Even when you understand that things are not the way you had imagined them to be, you dump the whole responsibility on the other person. A woman who was beautiful turns out to be a bitch. A man you had thought to be a hero turns out to be just a henpecked husband. You are not going to laugh at yourselves. You will throw the whole responsibility on the other person: that he deceived you, that he pretended to be something that he was not, that she was not so beautiful as she was pretending – with all the make-up she deceived him. But no make-up is needed. Your illusions, your hallucinations, your lust is enough – the greatest make-up in the world.
So whatever you want, whatever you desire, you project, and when that projection proves wrong, there are two possibilities. One is to dump the whole responsibility on the other person, who is simply innocent of what you were seeing in her.
In fact, when you say to a woman, “You are beautiful…” and this and that, she wonders, because she also looks in the mirror and she does not find anything that you are talking about. But why disturb yourself unnecessarily? Why not enjoy? It fulfills her ego. Even the ugliest woman will not object, say that you are wrong. She will smile and accept all your compliments. And standing before a mirror she may think that perhaps she is wrong. How can that man be wrong? Why should he be wrong?
In each love affair both the persons are innocent, as far as they are concerned. But both are responsible for projecting upon the other something which the other is not.
A Sufi story tells that Mulla Nasruddin had a beautiful house in the hills and once in a while he used to go there. And sometimes he would say it would take three weeks for him to rest or two weeks, or four weeks, but he never managed to keep the date that he had given for his return; he would always come sooner. If he had gone for three weeks, within two weeks he would be back.
His friends started asking, “You plan for three weeks, then you come back in two weeks, sometimes even in one week. What is the matter?”
He said, “You don’t know. I have an old woman servant.”
They said, “What has that to do with your remaining in the hills and relaxing?”
He said, “First listen to the whole thing.
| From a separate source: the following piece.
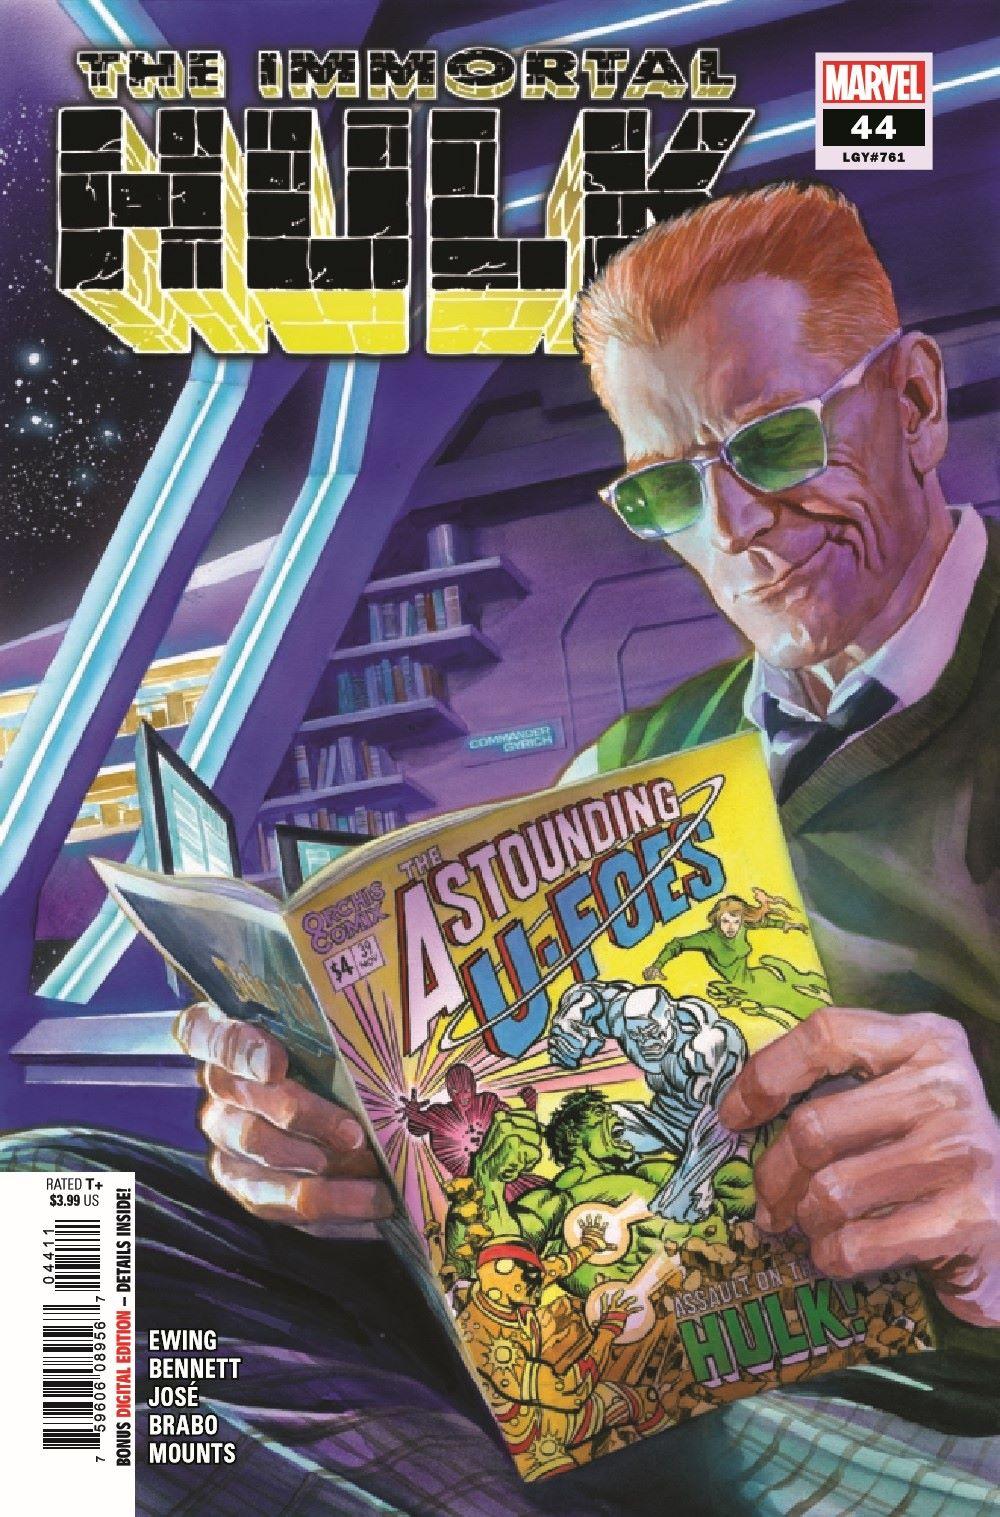 HULK2018044_Preview-1 ComicList Previews: THE IMMORTAL HULK #44

She is so ugly. That’s why I have chosen her – she is my criterion. When she starts looking beautiful to me, then I escape, then I know: ‘Now, Mulla, this is not a safe place, and you have lost your mind.’ So I go for three weeks, but what can I do? In three days she starts looking beautiful. And if I stay one day more I may propose. And she is really ugly. It is difficult to tolerate her, but I have kept her specially for this purpose, so that when I start losing my mind I will know it is the exact time to leave and come back home into the world.”
You project; the projection fails. If you could laugh at yourself…that is the message of this story.